» DATA SUPPLIED
※ ※ ※

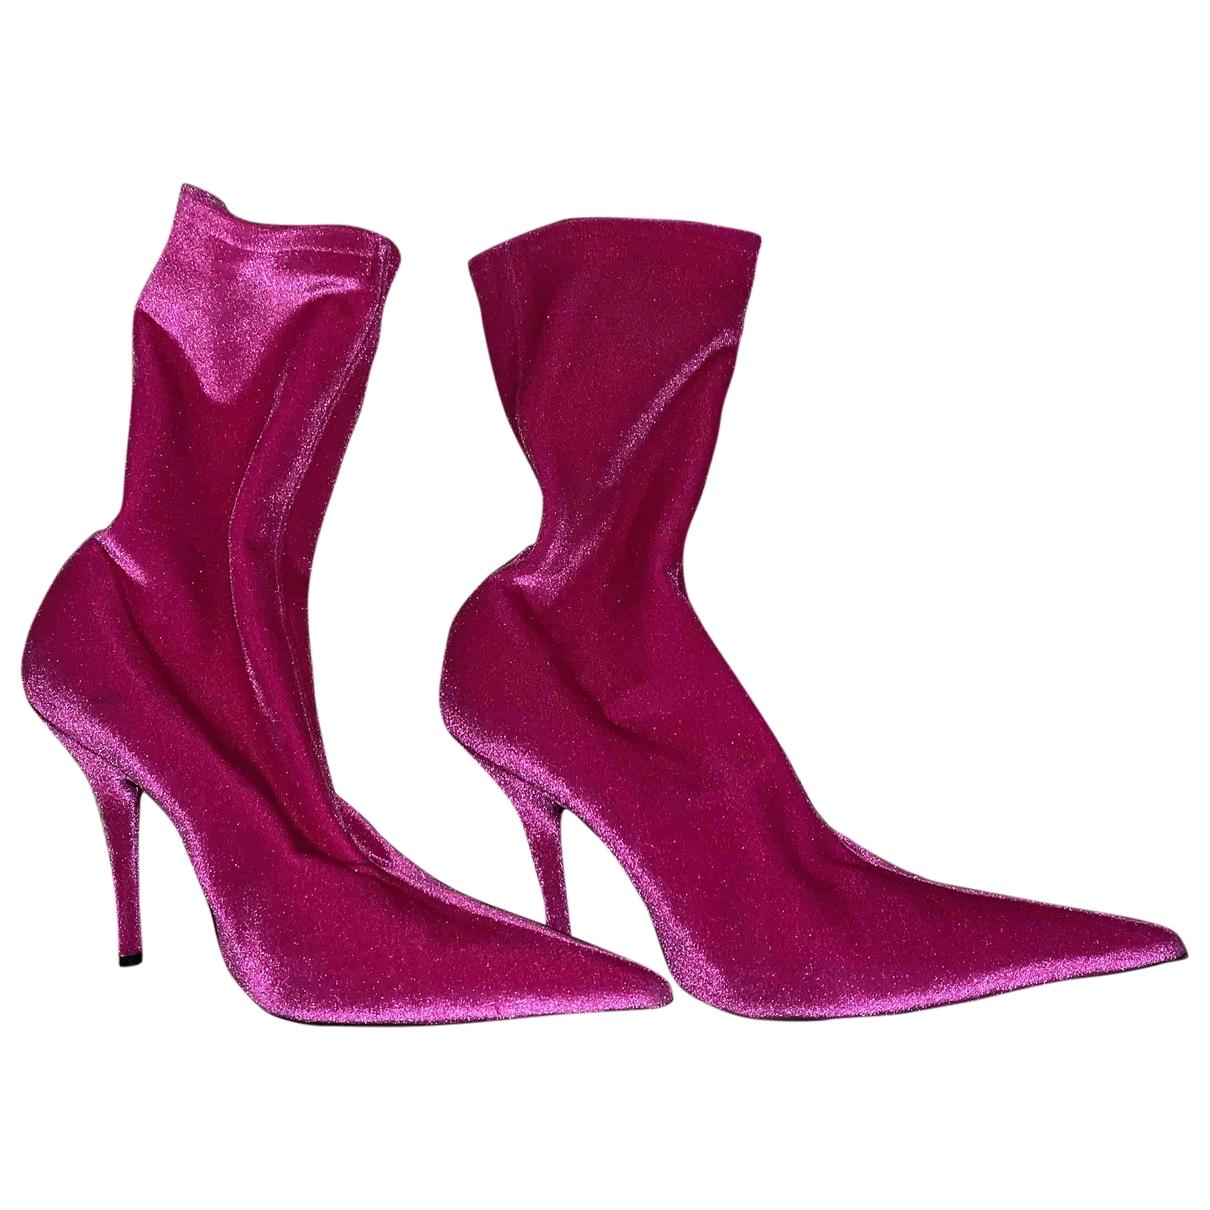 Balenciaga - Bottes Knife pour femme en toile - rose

※ ※ ※

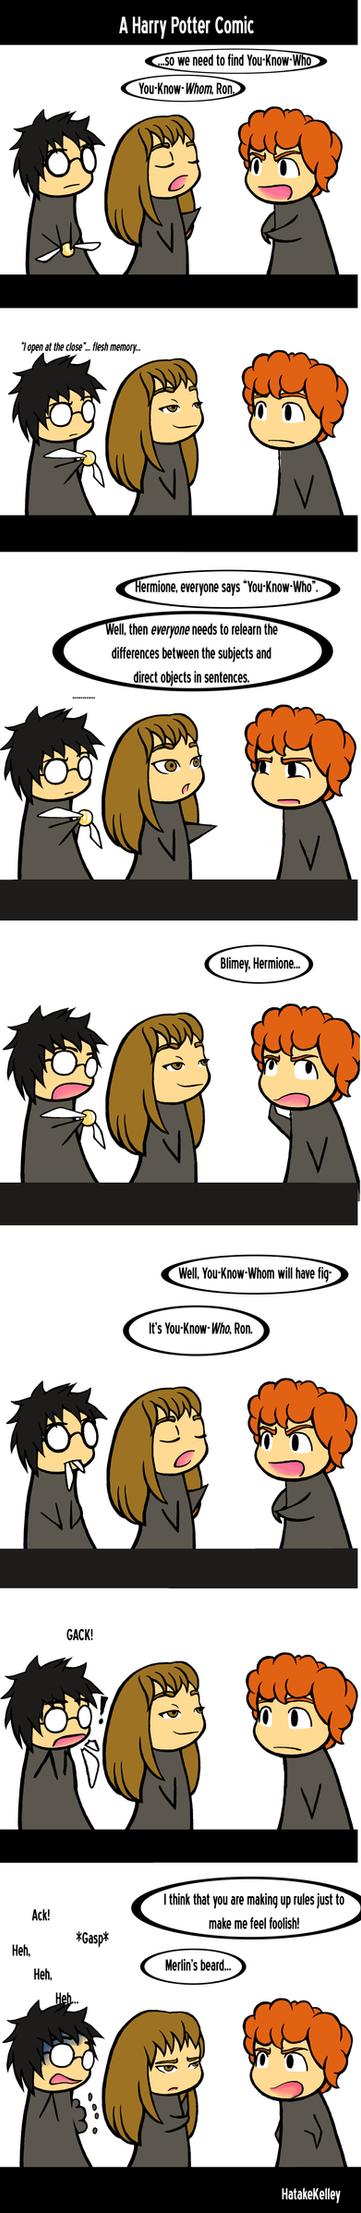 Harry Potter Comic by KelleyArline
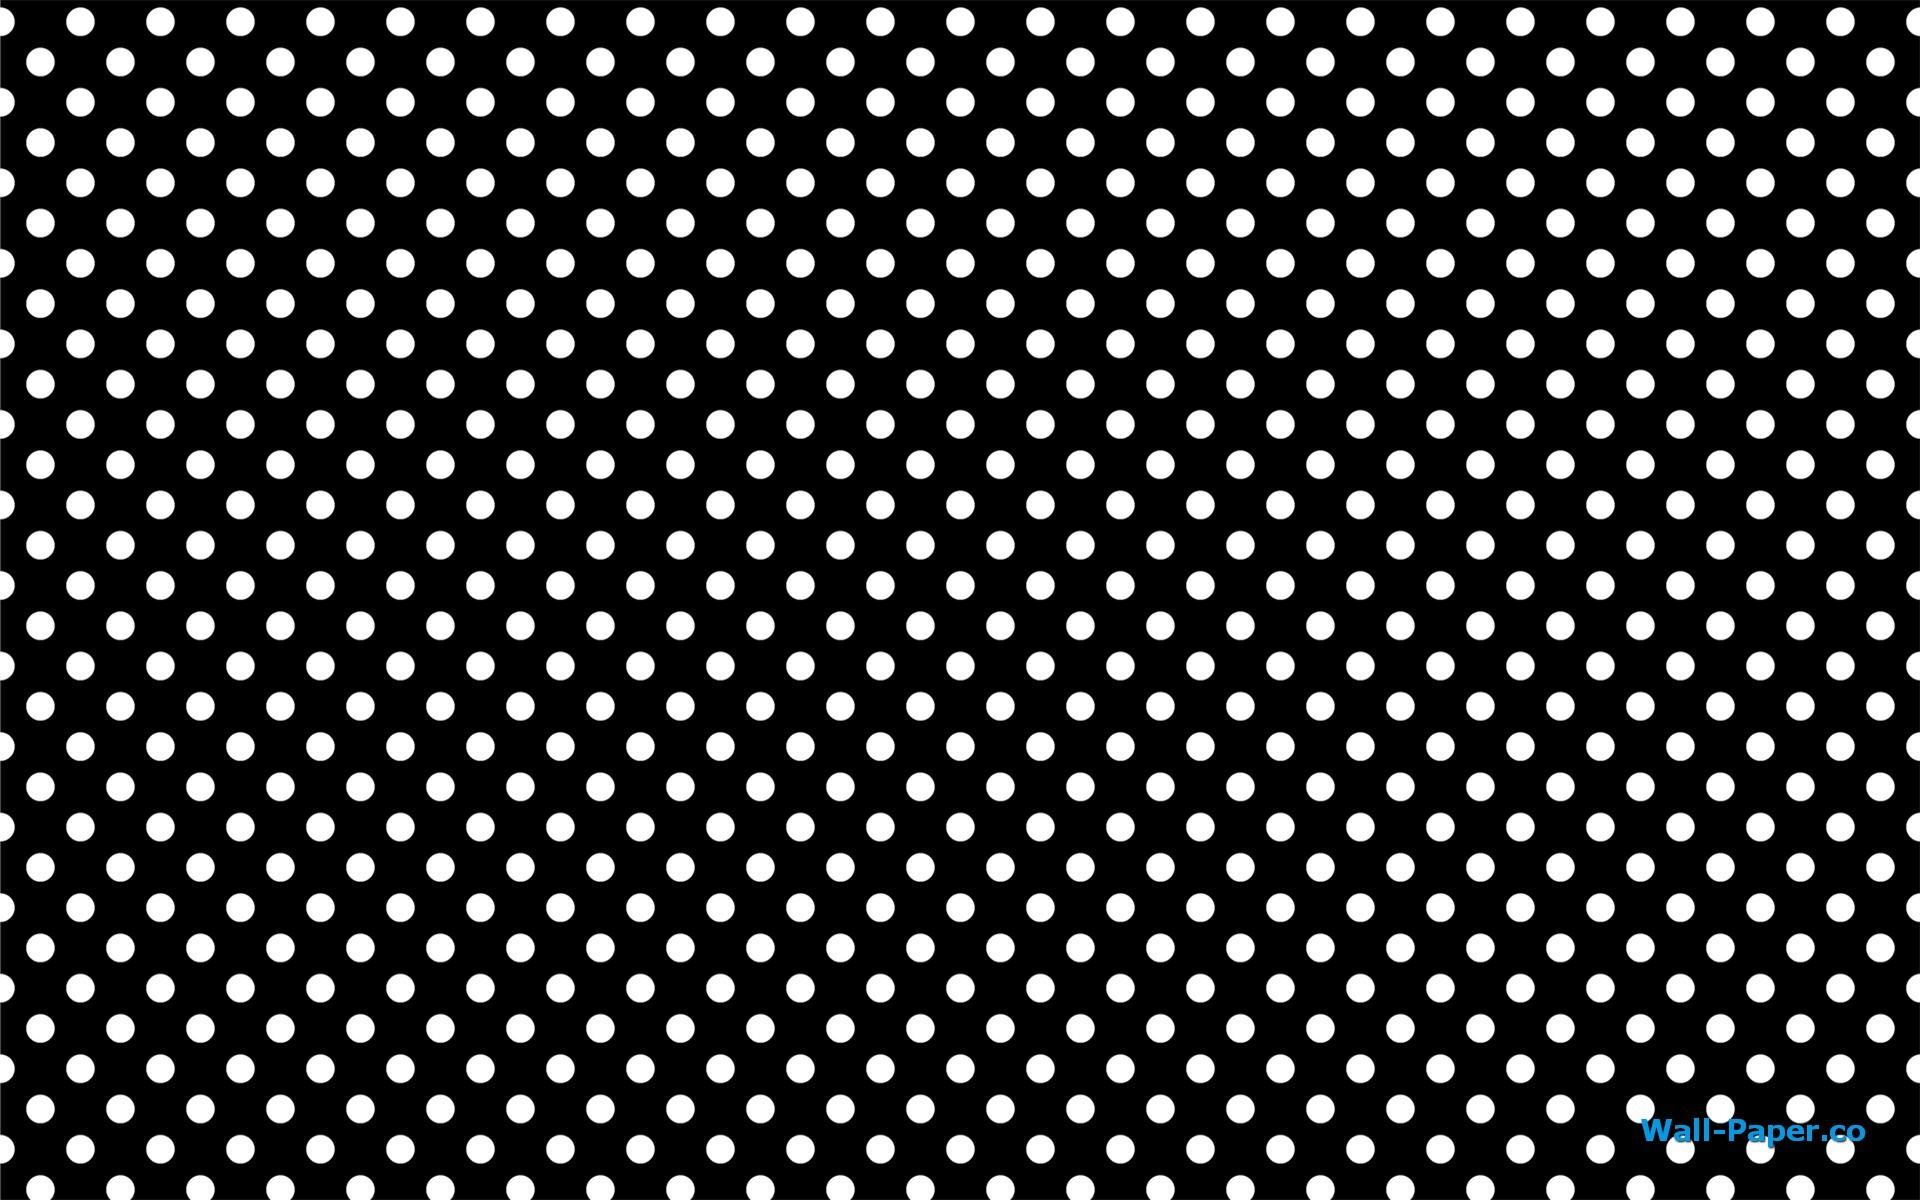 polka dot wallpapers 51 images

※ ※ ※

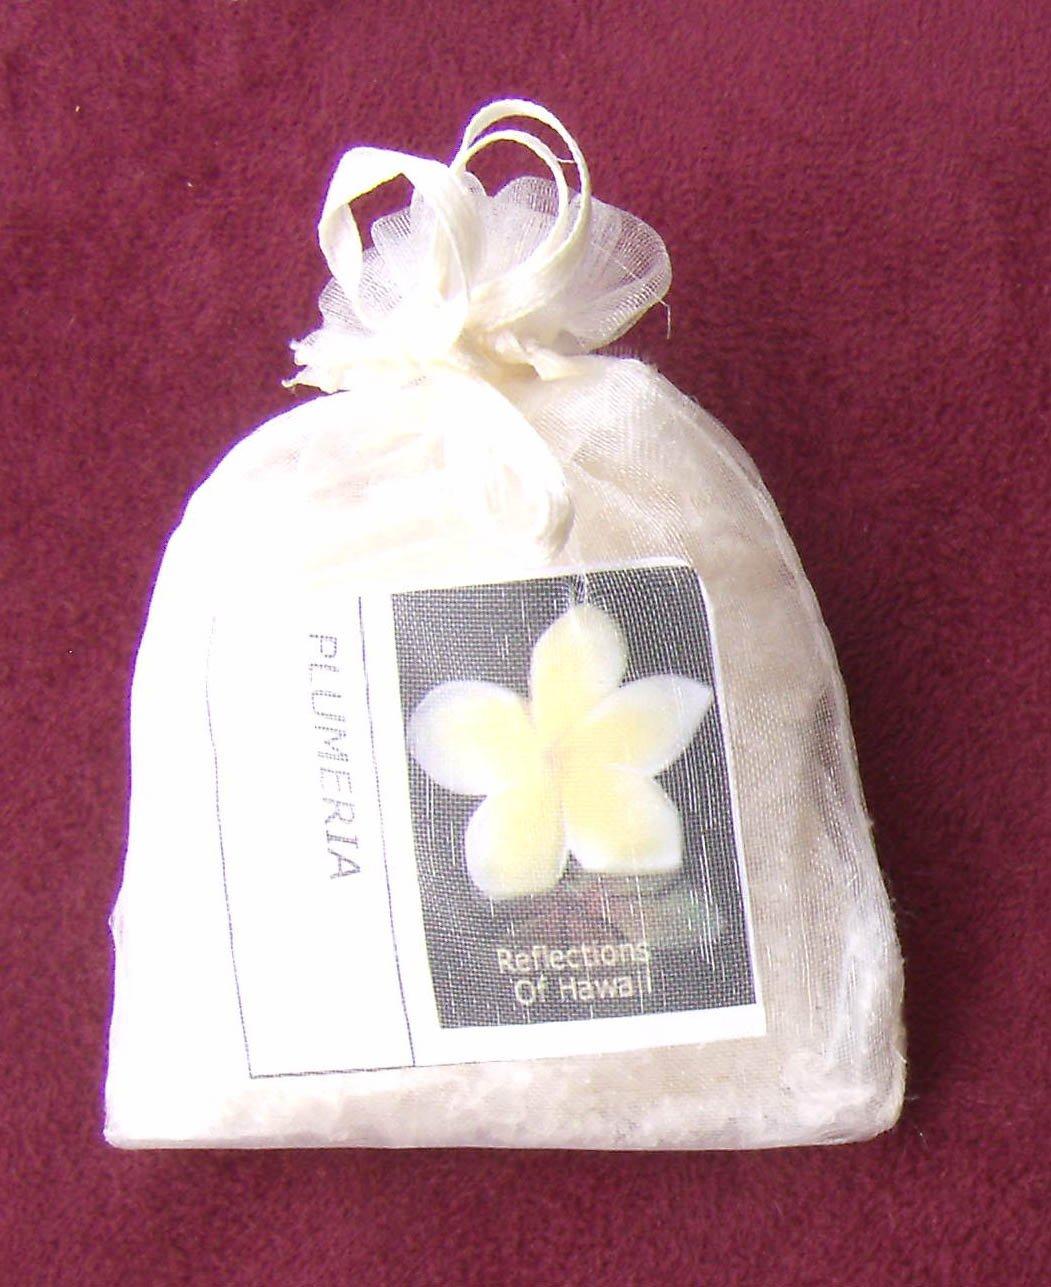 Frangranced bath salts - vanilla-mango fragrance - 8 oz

※ ※ ※

» WHAT YOU HAVE TO DO
Look through the material above. Transcribe exactly the lines between the ones with "Harry Potter Comic by KelleyArline" and "polka dot wallpapers 51 images", inclusive, and keep pictures out.

» EXERCISE OUTPUT
 Harry Potter Comic by KelleyArline
 polka dot wallpapers 51 images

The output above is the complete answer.